Sur le premier moyen de cassation :
tiré « de la violation ou de la fausse application de la loi, en l'occurrence la violation ou la fausse application des règles portant sur la protection spéciale contre le licenciement d'un candidat aux élections des délégués du personnel, en ce que le juge d'appel s'est abstenu de procéder à l'interprétation des articles L.415-11 et L.415-12 du Code du travail, alors qu'il lui appartient d'interpréter la loi lorsque le texte légal ne prévoit pas expressément la situation donnée en vertu de l'article 4 du Code civil.
Les juges d'appel ont à tort retenu que "" Le fait que le directeur de l'inspection du travail et des mines ait annulé les élections du 12 novembre 2008et que cette décision a fait l'objet d'un recours devant les juridictions administratives ne peut pas avoir pour effet de prolonger le délai de protection jusqu'à ce que le recours administratif soit vidé alors que le Code du travail ne prévoit aucunement une telle prolongation ou suspension du délai de protection d'un candidat aux élections. Décider autrement serait ajouter au texte du Code du travail une disposition qui n'y figure nullement.
Il s'en suit que la demande de X.) tendant à voir prononcer la nullité de son licenciement du 27 février 2009 et son maintien est à déclarer non fondée.
Aucun élément concluant en sens contraire n'étant proposé en instance d'appel, il échet de constater que la motivation de la décision de première instance est correcte et répond adéquatement aux moyens produits de part et d'autre, de sorte qu'elle est à entériner. ""
Aux termes de l'article 4 du Code civil, le juge ne saurait se retrancher derrière le silence, l'obscurité ou l'insuffisance de la loi pour ne pas avoir à trancher un litige. "" L'interprétation de la loi par le juge doit se fonder sur la volonté du législateur telle qu'elle est formulée dans le texte de loi. Si le texte est clair, le juge n'a pas la mission de chercher les intentions du législateur et, le cas échéant, de les faire prévaloir sur le texte légal "" (Lux., 29 septembre 1982, 25, 453, jurisprudence sous article 4 du Code civil).
Le juge est chargé de l'interprétation et de l'application des lois. La loi, à sa promulgation, n'est encore qu'une formulation abstraite des normes, une construction théorique, destinée à régir à une date ultérieure des situations données. Le législateur ne peut donc, à ce stade, avoir une idée exacte de toutes les conséquences possibles de l'exécution de la loi et, par la même, de l'efficacité des normes que la loi véhicule et leur conformité au but recherché.
Le rôle du juge est déterminant pour donner corps aux principes juridiques et, en quelque sorte, les matérialiser tout en dessinant leur contour.
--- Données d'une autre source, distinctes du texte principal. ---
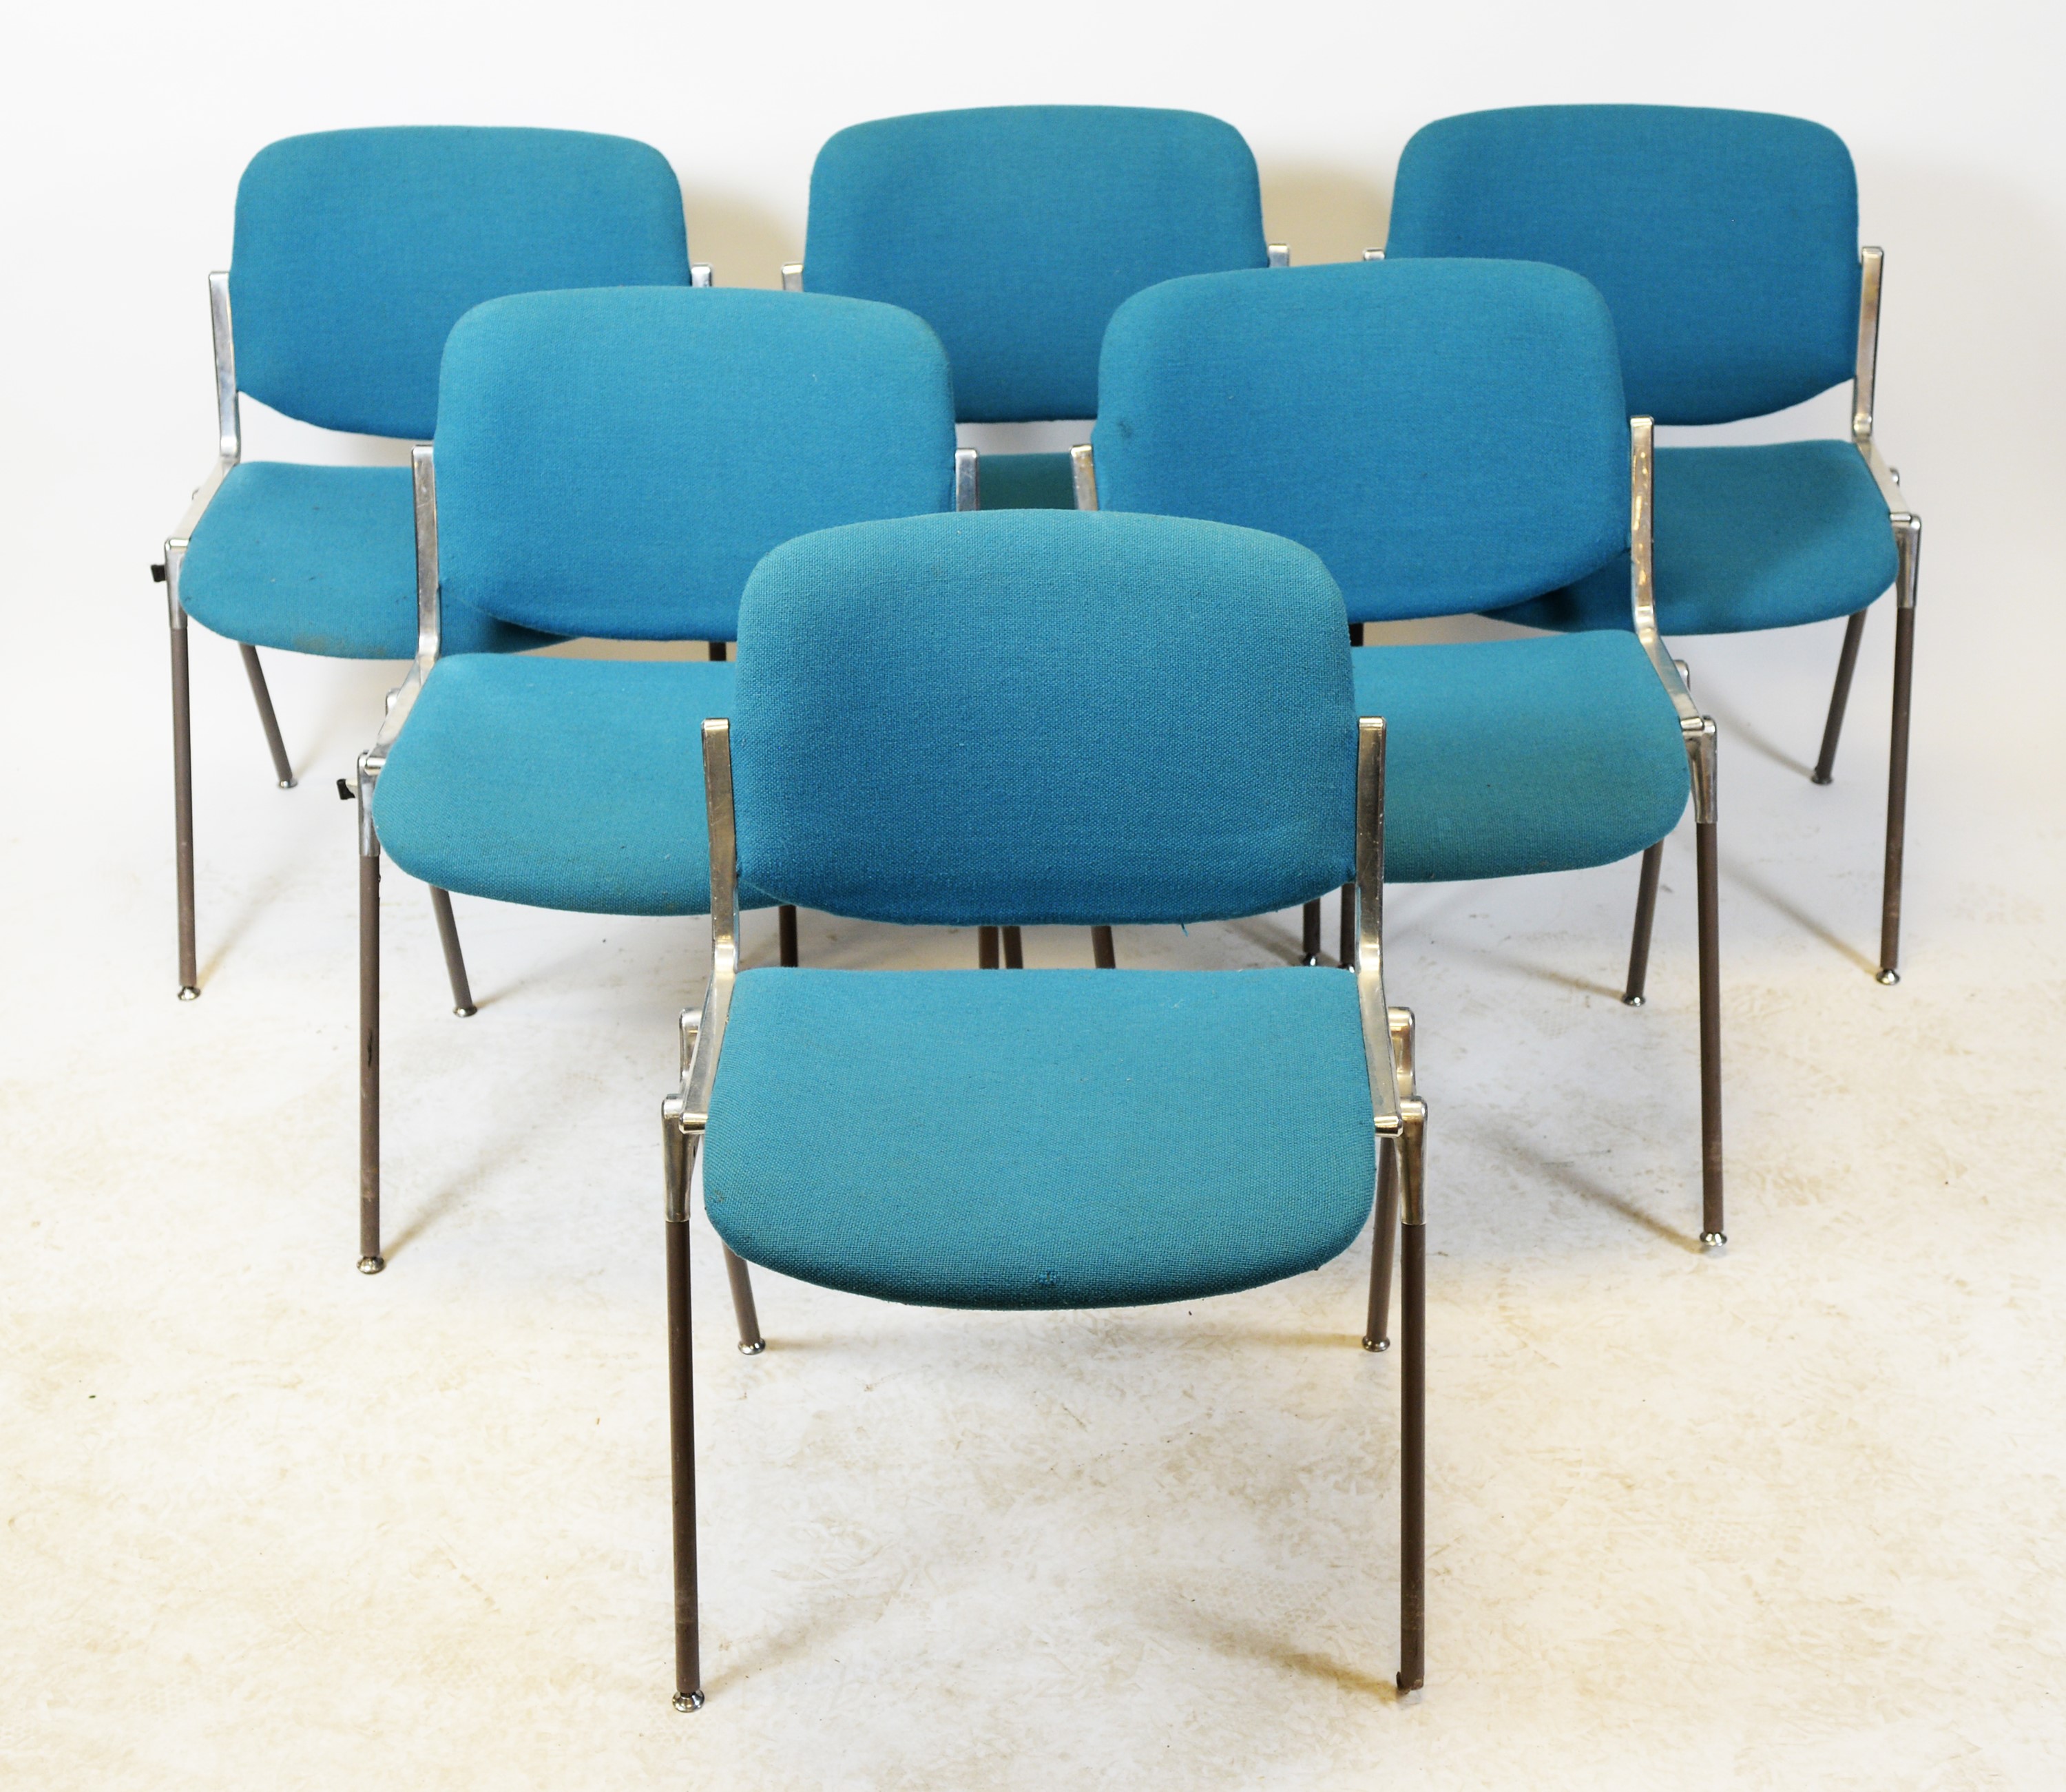 Giancarlo Piretti For Castelli - six DSC, Axis 106 stacking chairs

De l'approche adoptée par le juge à l'égard de ces principes, de la manière dont il conçoit leur interprétation et leur application, ceux-ci peuvent produire pleinement les effets voulus par le législateur.
Or, la prorogation du délai de protection du salarié candidat aux élections sociales contre le licenciement doit être admise et découle non seulement implicitement des dispositions légales et réglementaires mais également de la volonté même du législateur.
Nonobstant le fait que les textes légaux ne prévoient pas expressément la prorogation de la protection des candidats contre le licenciement en cas d'annulation des élections sociales par l'Inspection du travail et des mines, il n'en demeure pas moins que la prorogation de la protection du salarié candidat se déduit de la volonté même du législateur.
Le but poursuivi par le législateur en instituant le système de la protection contre le licenciement des articles L.415-11 et L.415-12 du Code du travail était en effet de protéger contre toutes représailles les salariés qui se découvrent en manifestant le désir de représenter le personnel, dès la présentation de leur candidature.
Il faut dès lors que cette protection soit efficace.
Admettre que, à la suite de l'annulation des élections des délégués du personnel, la protection des candidats aux élections expire après écoulement du délai de trois mois, sans interruption, ni prorogation du délai, aurait pour effet à la fois de porter atteinte au caractère obligatoire de l'article 41 du Règlement grand-ducal modifié du 21 septembre 1979 concernant les opérations électorales pour la désignation des délégués du personnel, et de vider de leur substance les dispositions protectrices des articles L.415-11 et L.415-12 du Code du travail en incitant un employeur, en cas d'annulation des élections sociales, à repousser la tenue de nouvelles élections à une période indéterminée en engageant un recours devant les juridictions administratives. Cela, tout en attendant que le délai de protection contre le licenciement des candidats aux élections pour la désignation des délégués du personnel expire ce qui lui permettra ainsi impunément de licencier le salarié instigateur du recours déposé devant le directeur de l'Inspection du travail et des mines.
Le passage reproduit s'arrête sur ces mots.